Skyvision Centers has a subsidiary company called the Skyvision Business Lab. We do business process research for pharmaceutical companies, medical device companies, and other medical businesses in the eye care arena. One of the companies we have worked for is a very cool company that produces animated educational videos for ophthalmologists and optometrists. I had an interesting experience while talking to their chief technology officer. It was interesting because the conversation proved our basic reason for existence at the Business Lab, that it is impossible for any company to develop, sell, and install any kind of product in our world without understanding the ins and outs of every day activities in an eye care practice.

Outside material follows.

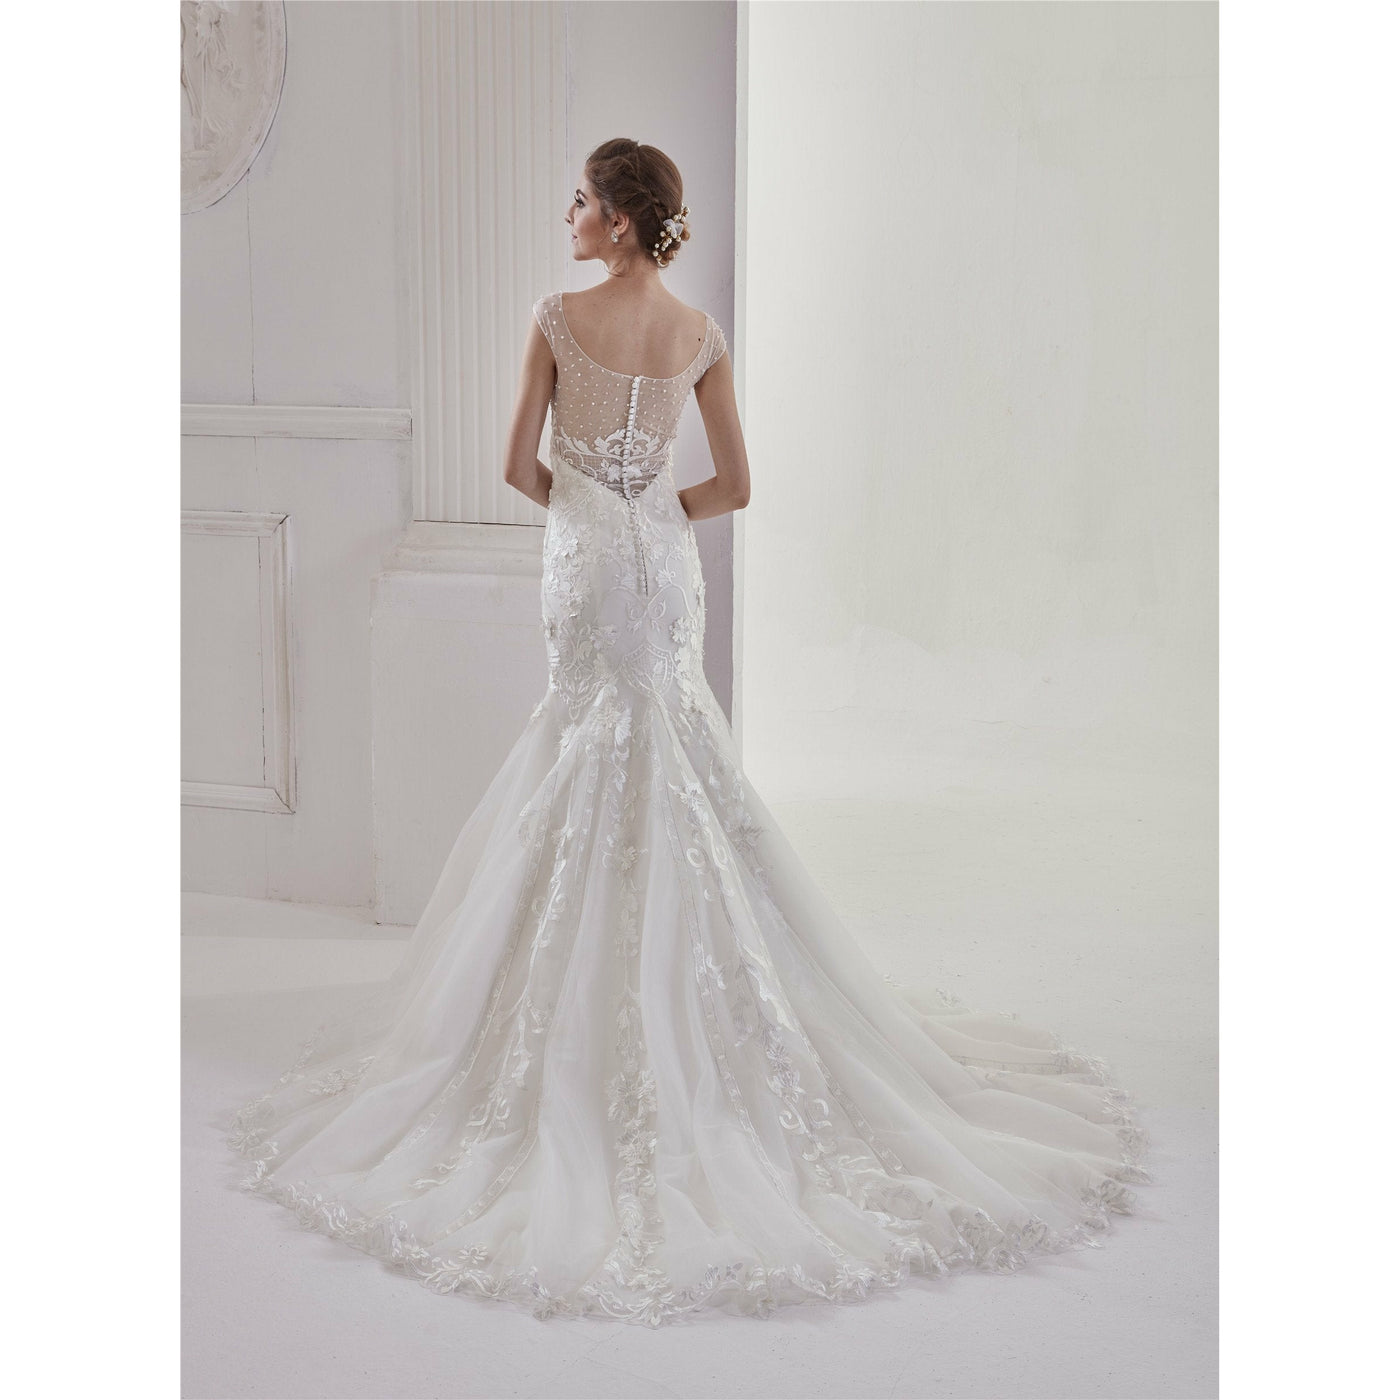 Chicely Sweetheart Crystal beaded mermaid wedding dress2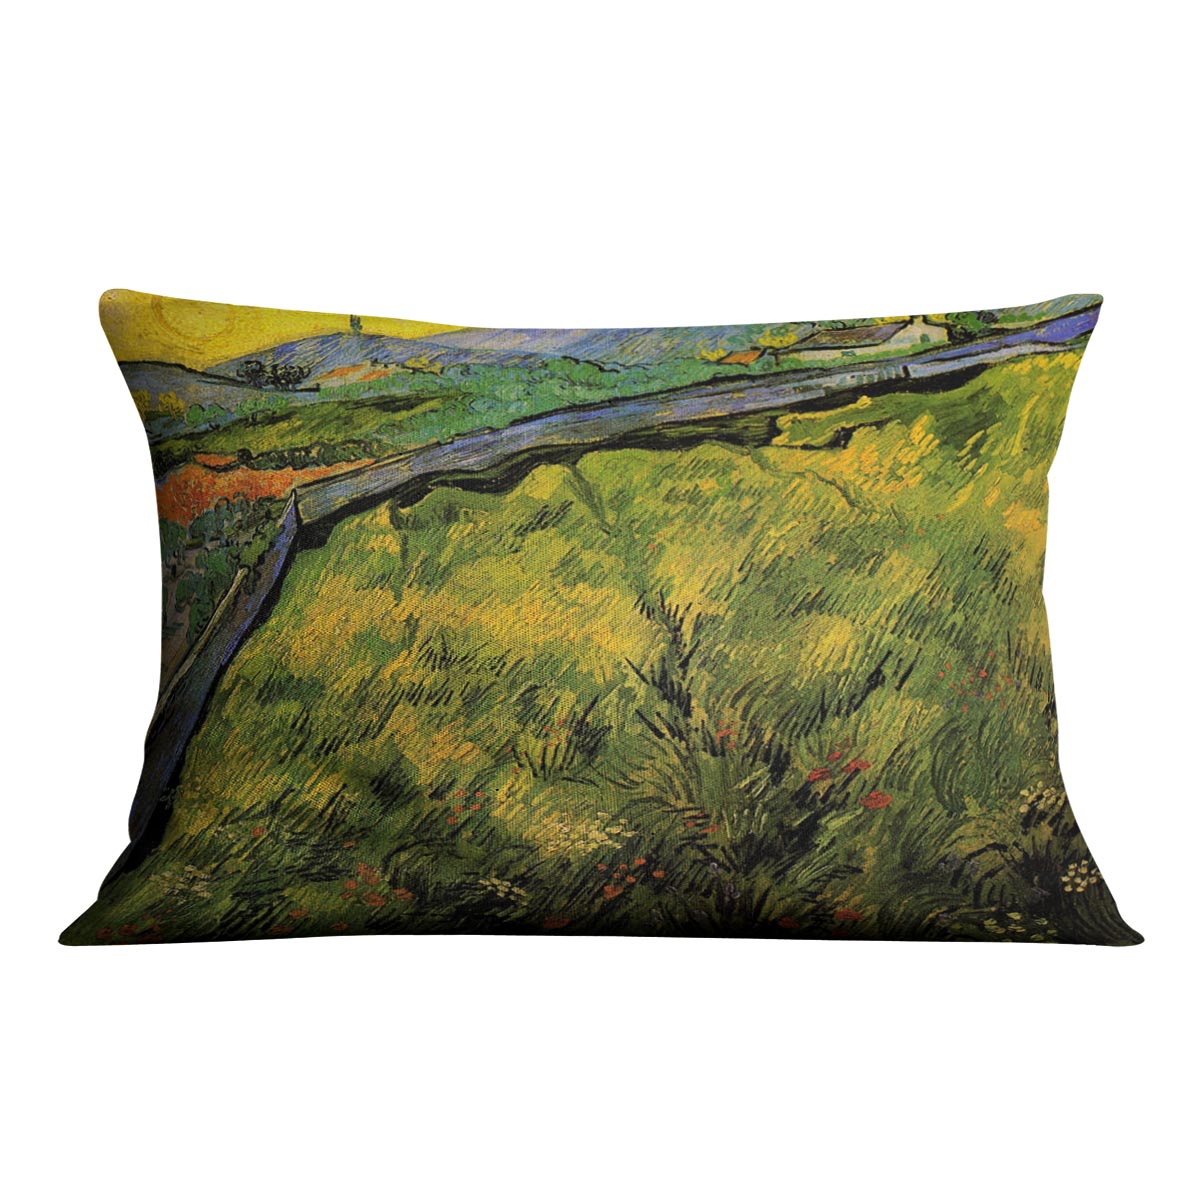 Field of Spring Wheat at Sunrise by Van Gogh Cushion

Of course, I always find it extremely interesting when I’m right!

It was a tiny little point, really, but how could you know something this small and seemingly insignificant unless you had spent time on the “frontline” of medical practice? The chief technology officer for the video company was frustrated because doctors and their staff were not using this really cool product that they had purchased. Furthermore, because they weren’t using it, they were failing to buy downstream products from the video company. As it turns out the salespeople for this company were telling the doctors that this particular product should be “turned on” by the staff at the front desk of the office. This is exactly the wrong place because the front staff personnel simply have neither the time, nor the understanding, nor any incentive whatsoever to do this! The product actually works beautifully if it is “turned on” by the back-office staff. Bingo! Problem solved.

So what does this have to do with Electronic Medical Records (EMR), and for heaven’s sake what does this have to do with underpants? It’s simple, really. When was the last time you bought a totally new type of underpants, underpants that you had never seen before, and underpants that you had certainly never worn before, without trying them on? Furthermore, what’s the likelihood that you would allow someone else to design, fit, and choose a style  of underpants for you if that someone has not only never met you but has never even seen a picture of you?!  That’s the image I get every time I read an article about EMR.

In theory the concept of an electronic medical record that would allow permanent storage of every bit of medical information, with the ability to share that information between and among doctors and hospitals involved in the patient’s care is so logical and obvious that debating the point seems silly. If you have ever seen my handwriting, for example, you’d realize that the entire field of EMR was worth developing just to make doctors stop using pens and pencils! Trust me on this… the doctor hasn’t yet been trained who is also a specialist in penmanship.

I actually trained at  two of the pioneering hospitals in the use of electronic medical records, and indeed in the use of computers in medicine in general. Dr. Larry Weed and Dr. Dennis Plante at the University of Vermont were pioneers in the concept of using computing power to make more accurate medical diagnoses. Both the University of Vermont Medical Center and the Maine Medical Center were among the very first institutions to develop and implement digital medical records for the storage and use of clinical data like lab reports and radiology reports. In theory both of these areas make sense, but in practice the storage and display of clinical data is all that’s actually helpful in day-to-day practice.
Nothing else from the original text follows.